# My DIY 8-string



## Chonker (Jun 5, 2008)

I've been reading alot on here about the 8's and since I bought my 7 I've decided there really is no disadvantage to adding more strings so I figured why not?

A friend of mine's father built his own guitar a few years back using melvyn hiscock's book which I've borrowed and read through a couple of times now, doesn't seem too bad, It's been years since I've done any woodwork though so that's my biggest problem.

I've spend quite a bit of time on the design, originally it was going to be a 750mm (just shy of 30") scale neckthrough with ebony fretboard and facing and look something like this:







However I decided that I didn't really want to spend that much on woods just to foul it up through my ineptitude, so I'm shelving that concept for later (if this goes okay who knows?). I've also decided that I'd really like to have a go with a compound scale instrument, they seem a great compromise to get the scale lenght needed at the low end.

My final concept is this:






This is a fully dimensioned CAD model which I will be working from.

I've picked up the wood, Maple for the neck, Basswood for the body wings and a rosewood fretboard






The rosewood is quite nicely figured but the others are quite plain.

I've also started getting the hardware together, I'm waiting for my locking sperzel tuners to arrive, have recieved my BKP warpig 8, and a set of 8 piezo bridge saddles from graphtech.






Wish me luck!


----------



## Thrashmanzac (Jun 5, 2008)

good luck 
oh and it looks like a killer design mate, only thing is im hopeing your not gonna leave the edges square like in the designs are you?


----------



## Chonker (Jun 5, 2008)

Nah I had an argument with my CAD software's curve tool


----------



## Blackrg (Jun 5, 2008)

looks great! 

Go for it 

And watch out for those pesky splinters


----------



## canuck brian (Jun 5, 2008)

Good luck dude - just remember to plan EVERYTHING that you're going to do and remember that templates are going to be your best friend here.
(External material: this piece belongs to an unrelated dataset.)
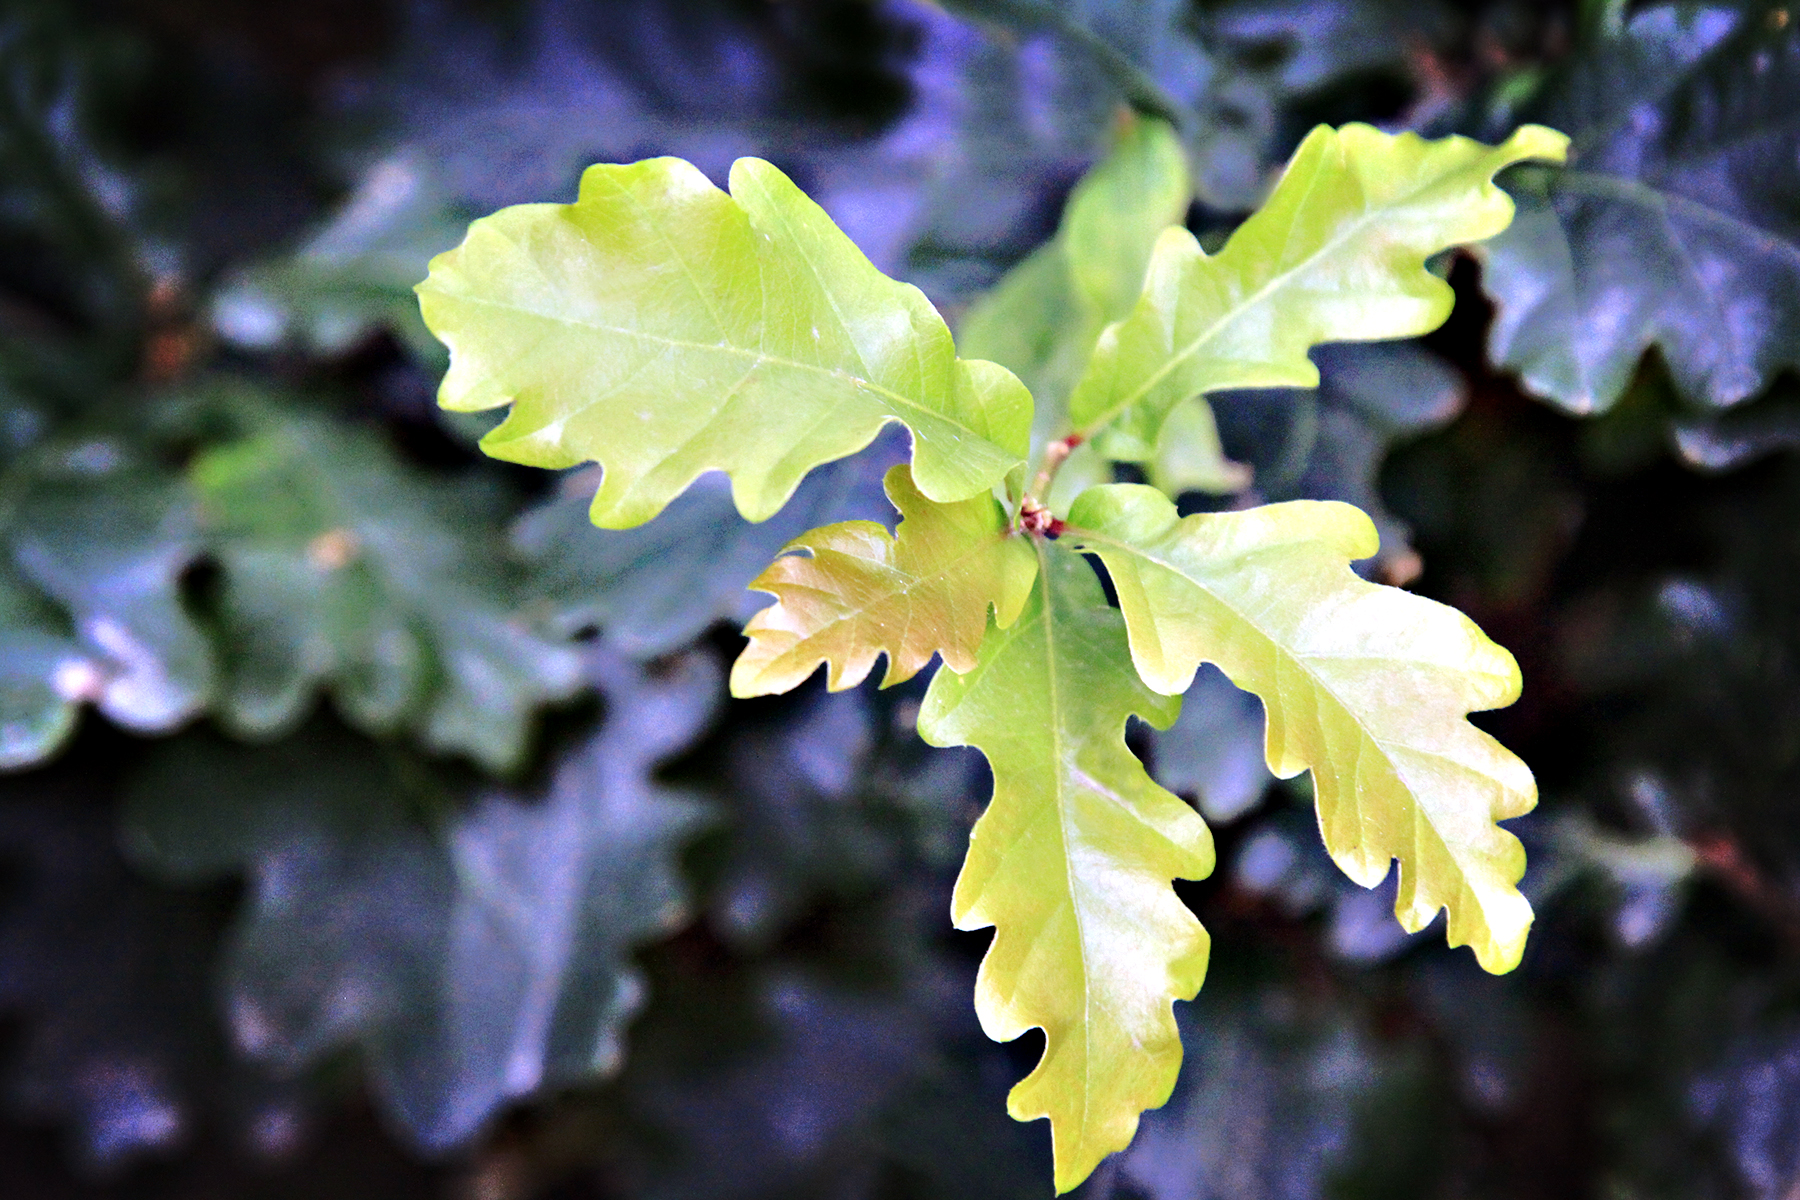 Oak Leaves of Righteous - Image (c) Lancia E. Smith

Couple of things - what are the scale lengths that you're going to be using? Also - that maple looks flatsawn - you might want to look into cutting the board and gluing it up as laminates so your grain orientation is all nice. It would suck for your work to twist near the end and that's coming from experience.
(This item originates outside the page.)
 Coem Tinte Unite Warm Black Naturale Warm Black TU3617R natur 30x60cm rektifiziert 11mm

The BK may not be the best pickup in this case while you're using multiple scale lengths unless you're going to slant it as well, which would no longer align the polepieces. Something like an EMG or other bar magnet pickup might be best unless you're going to custom order/make a slanted pickup. If you use the 1 scale length, let me know, I have an 8 string humbucker template on the way which I could probably duplicate for you.
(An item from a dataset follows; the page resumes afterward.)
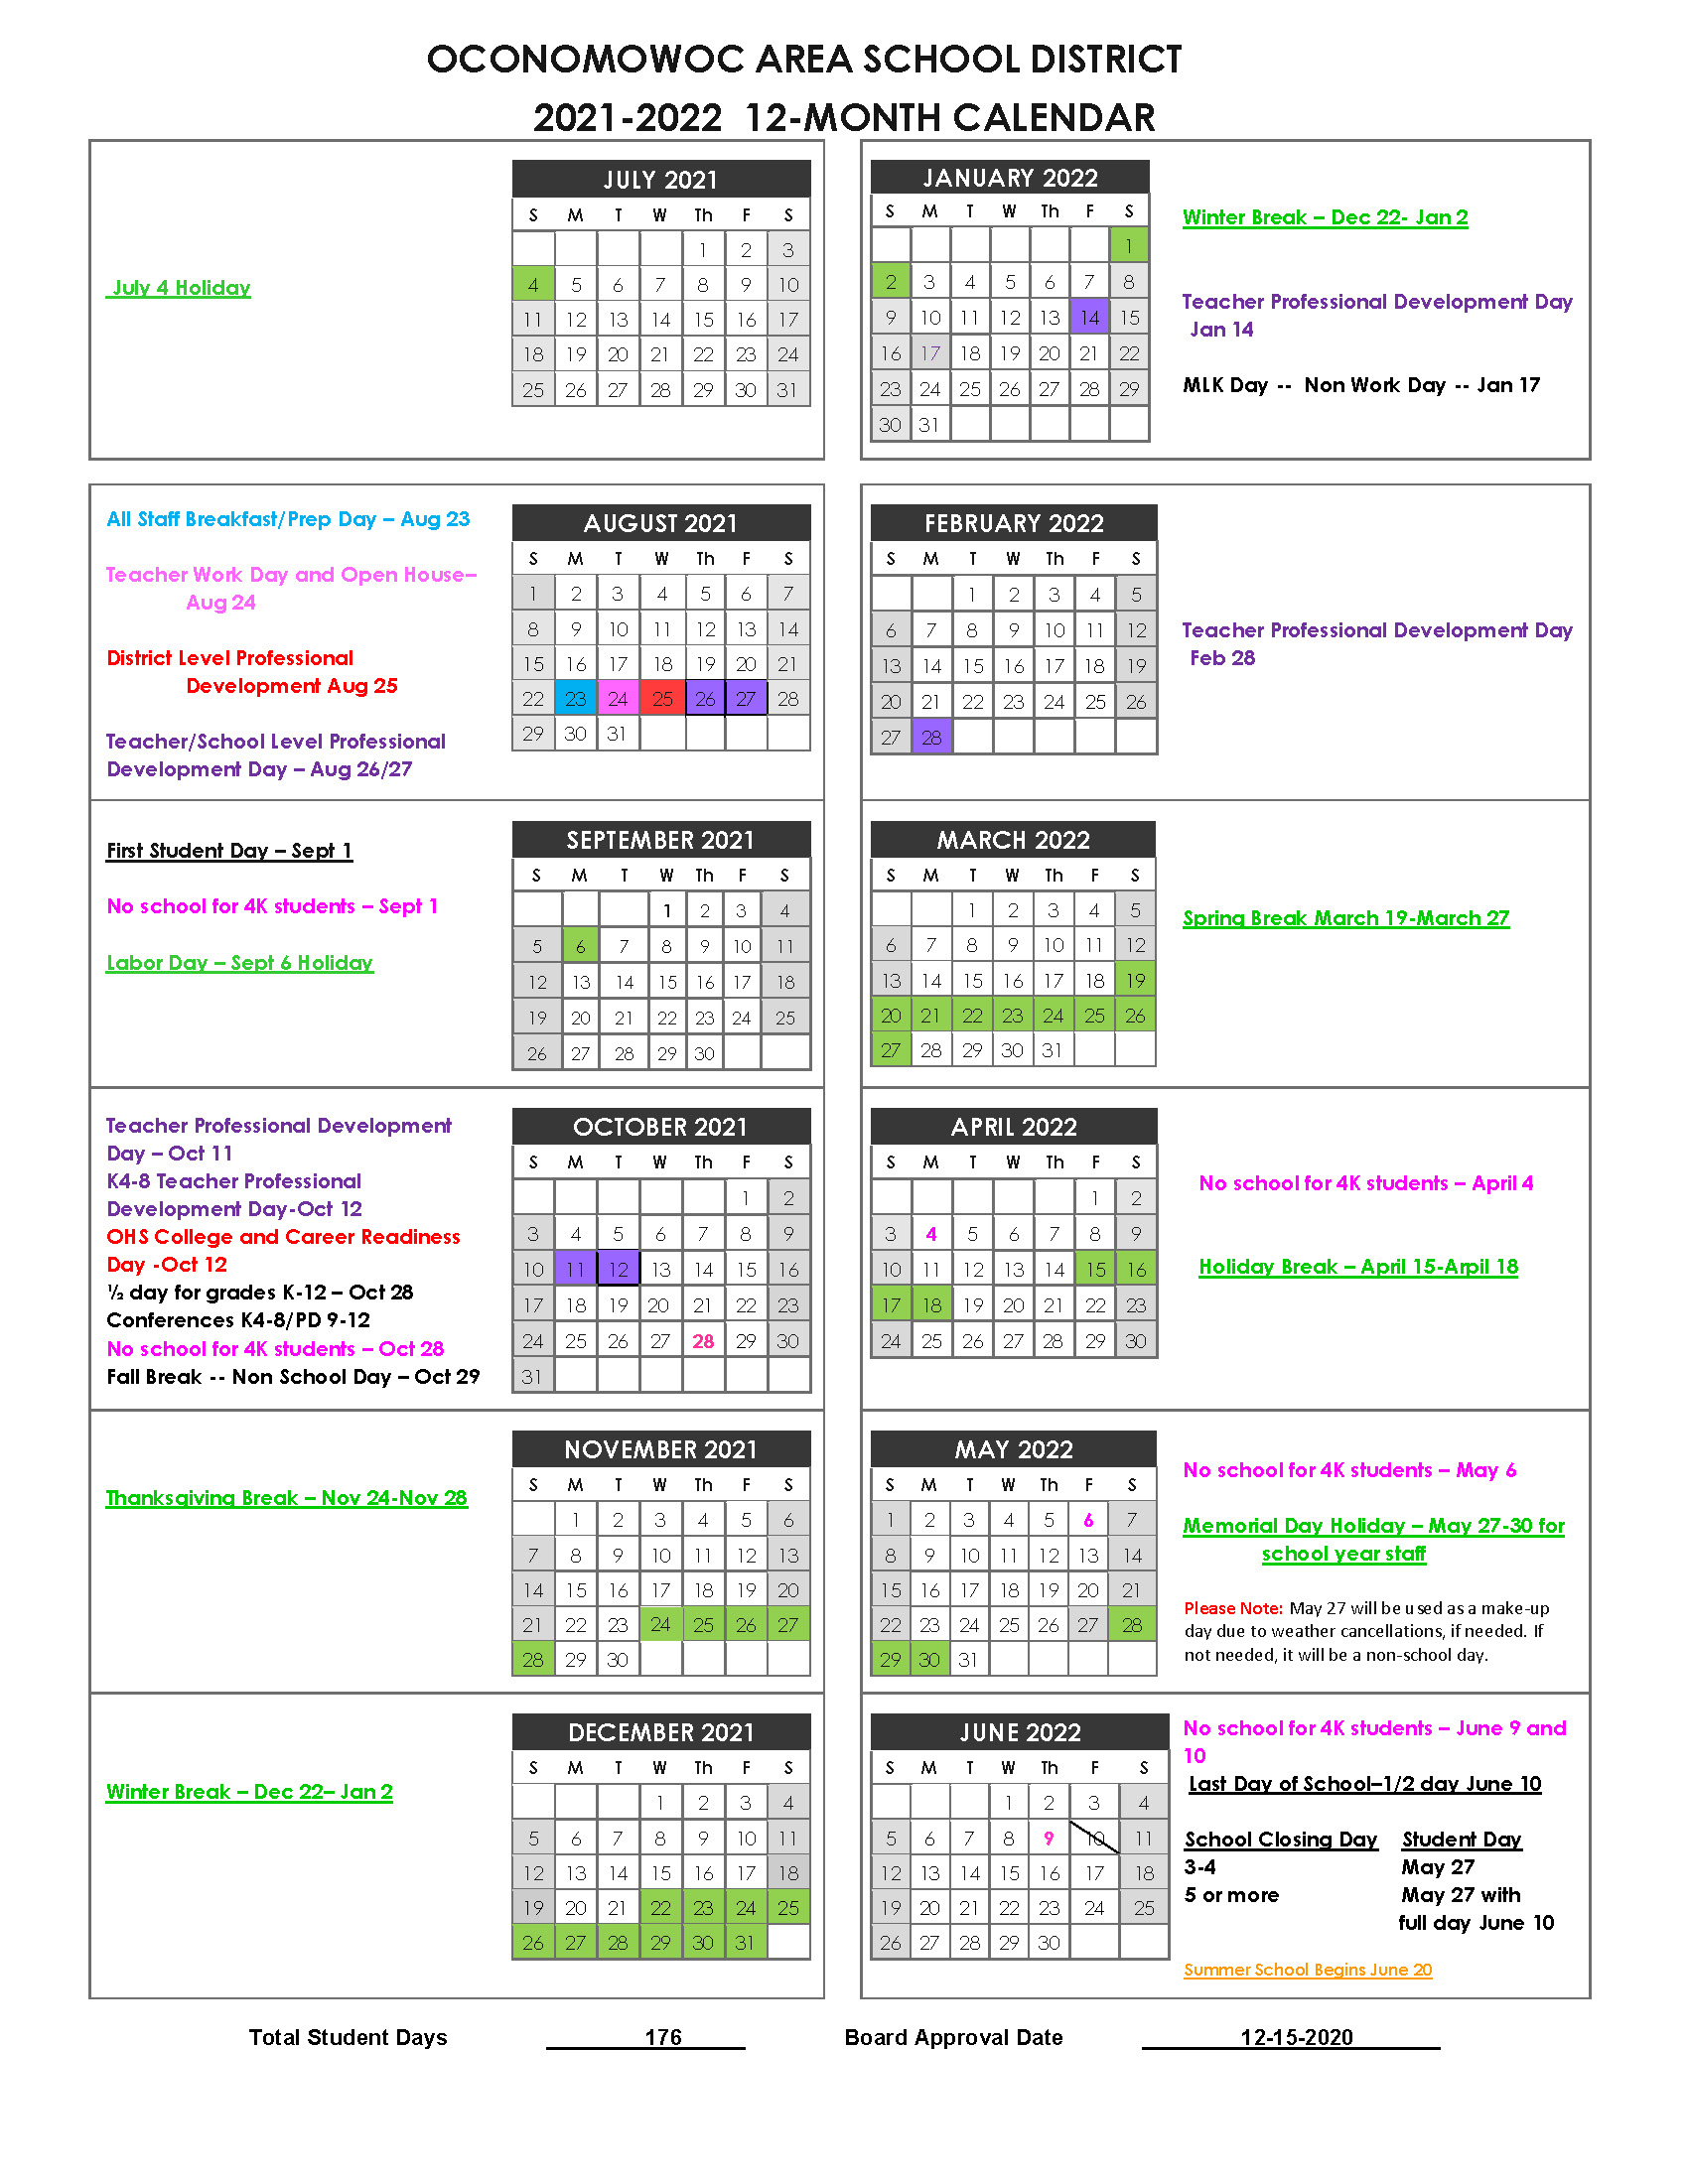 Oconomowoc Area School District: School Year Calendar

Head over to Project Guitar.com :: Guitar Project.com as well if you've just read the book; it's a wealth of guitar building information that will probably give you a lot of ideas and a lot of answers on questions you haven't even asked yet. 

I'm lookin forward to seeing another 8! Make it happen!


----------



## Apophis (Jun 5, 2008)

Good luck


----------



## yevetz (Jun 5, 2008)

Good luck


----------



## Chonker (Jun 5, 2008)

I've already recieved the BKP 'pig, ordered it back when I intended to do a straight scale, was going to just fit it straight close to the bridge on the top string. 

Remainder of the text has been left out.